Winter capital of Himachal Pradesh, India

Dharamshala (/ˈdɑːrəmʃɑːlə/, /hi/; also spelled Dharamsala) is a town in the Indian state of Himachal Pradesh. It serves as the winter capital of the state and the administrative headquarters of the Kangra district since 1855. Since 1960, the town has hosted the 14th Dalai Lama and the Tibetan government-in-exile.

The town is located in the Kangra Valley, in the shadow of the Dhauladhar range of the Himalayas at an altitude of 1457 m. Upper Dharamshala, located at an elevation of approximately 1,830 metres, is home to the official residence and headquarters of the 14th Dalai Lama. This area, which includes the well-known suburbs of McLeod Ganj and Forsyth Ganj, still reflects a distinctly colonial character, echoing its British-era legacy. In contrast, Lower Dharamshala, situated at around 1,380 metres, has evolved into a bustling commercial hub, serving as the town's primary centre for trade and business.

The economy of the region is highly dependent on agriculture and tourism.

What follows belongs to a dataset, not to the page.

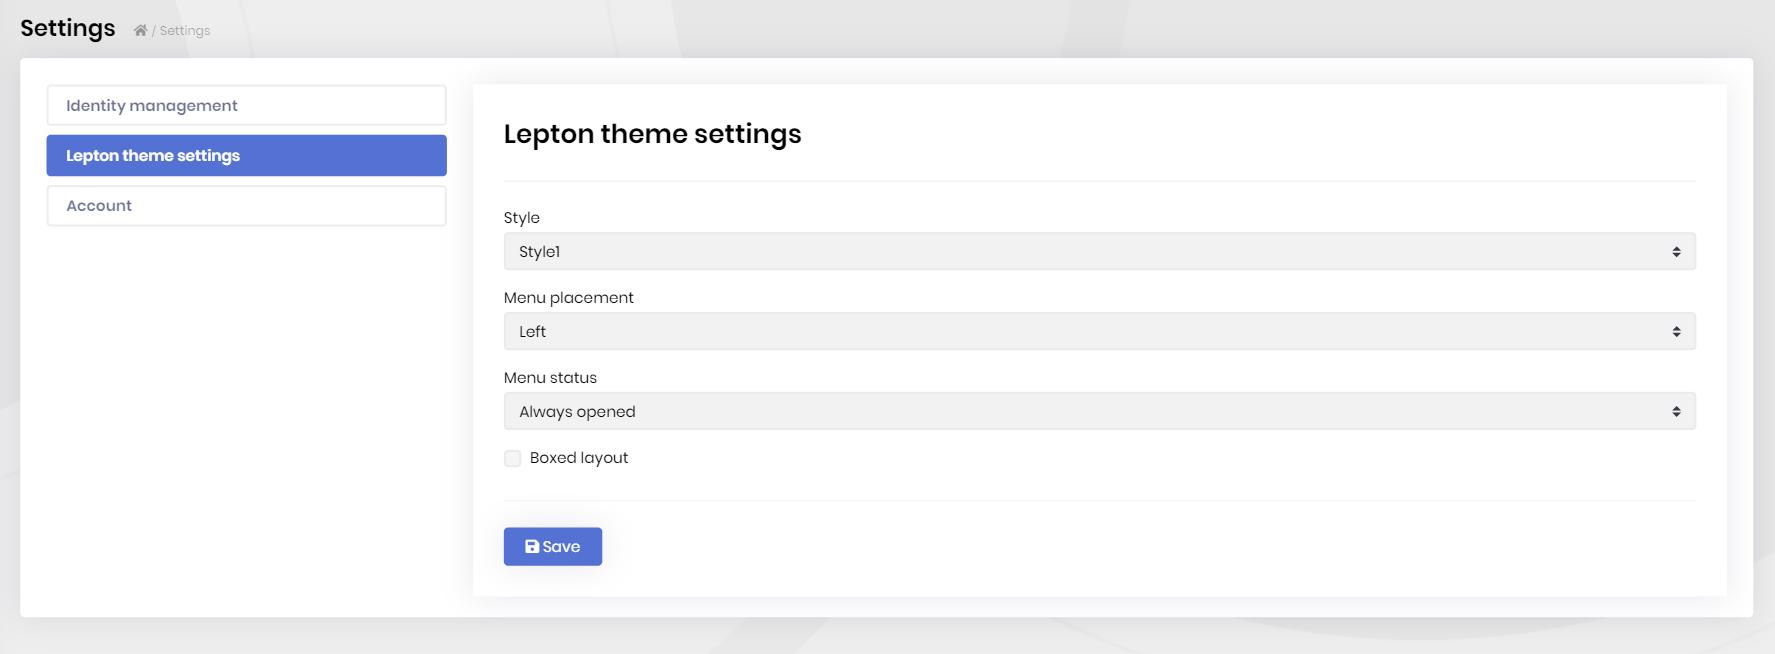 lepton-theme-module-settings-page

The town is now a major hill station and spiritual centre.

As of 2024, Dharamshala is the second most populous city in Himachal Pradesh, with a population of approximately 53,543, ranking only after the state capital, Shimla.

==Etymology==
Dharamshala (Devanagari: धर्मशाला; ITRANS: Dharmashala; IAST: Dharmaśālā) is a Hindi word derived from Sanskrit that is a compound of the words dharma (धर्म) and shālā (शाला), literally 'House or place of Dharma'. In common usage, the word refers to a shelter or rest house for spiritual pilgrims. When permanent settlements were established in the region, there was one such rest house from which the settlement took its name.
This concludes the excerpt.